KEMB-LP
- Emmetsburg, Iowa; United States;
- Broadcast area: Palo Alto County, Iowa
- Frequency: 94.1 MHz

Programming
- Format: Community Radio

Ownership
- Owner: Emmetsburg Chamber of Commerce

History
- First air date: November 1, 2004
- Last air date: July 31, 2024
- Call sign meaning: EMmetsBurg

Technical information
- Licensing authority: FCC
- Facility ID: 134365
- Class: L1
- ERP: 56 watts
- HAAT: 40 meters (131 feet)
- Transmitter coordinates: 43°06′30″N 94°40′45″W﻿ / ﻿43.10833°N 94.67917°W

Links
- Public license information: LMS
- Website: KEMB-LP Online

= KEMB-LP =

KEMB-LP (94.1 FM) was a low-power radio station licensed to serve Emmetsburg, Iowa.
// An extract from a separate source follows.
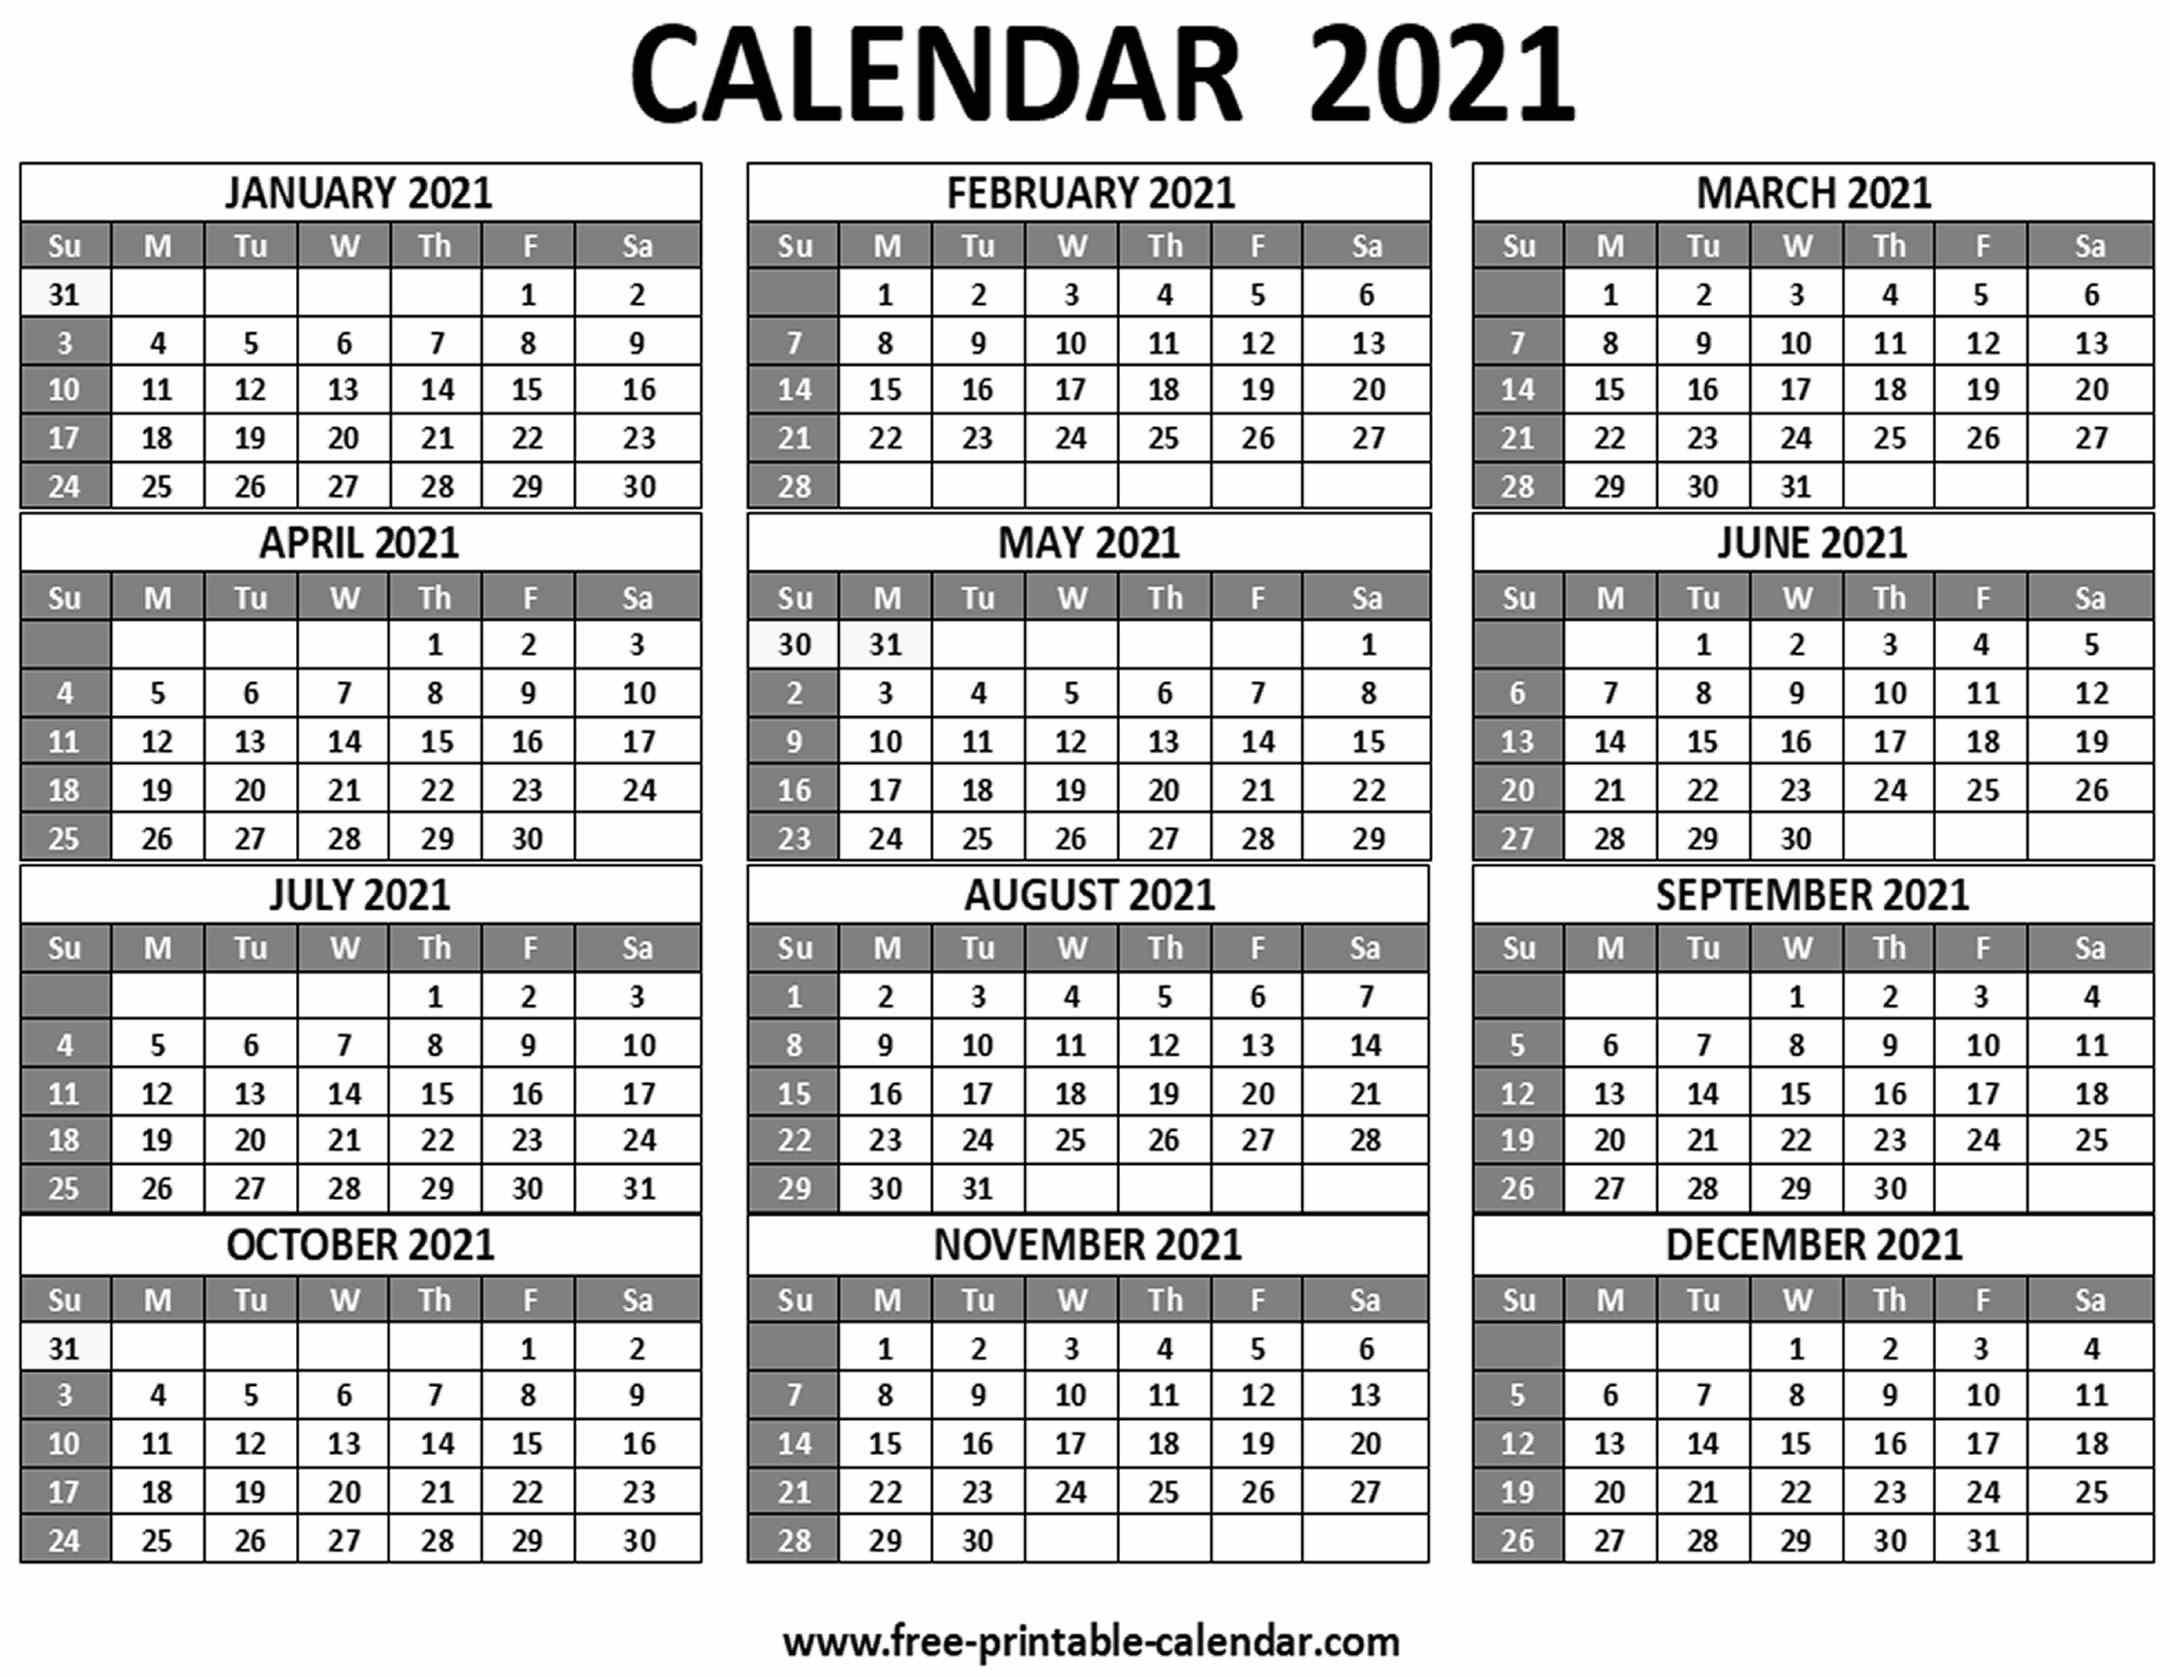 Printable 2021 Calendar  Freeprintablecalendar in Free 3 Month Calendar One Page 2021

The station was owned by the Emmetsburg Chamber of Commerce, airing a community radio format.

The station was assigned the KEMB-LP call letters by the Federal Communications Commission on January 5, 2004.

In November 2005, the KEMB-LP broadcast studio was dedicated to the memory of veteran broadcaster Dane Roach. He had been instrumental in creating the radio station for the Chamber of Commerce, designing the system and setting up the technical requirements.

In April 2024, the Emmetsburg Chamber of Commerce Board of Directors voted to separate from ownership of KEMB. After months of failed talks with local non-profits to potentially sell the station, KEMB-LP went off air permanently at 5pm central time on July 31, 2024 after playing "Video Killed the Radio Star" and one last Legal ID.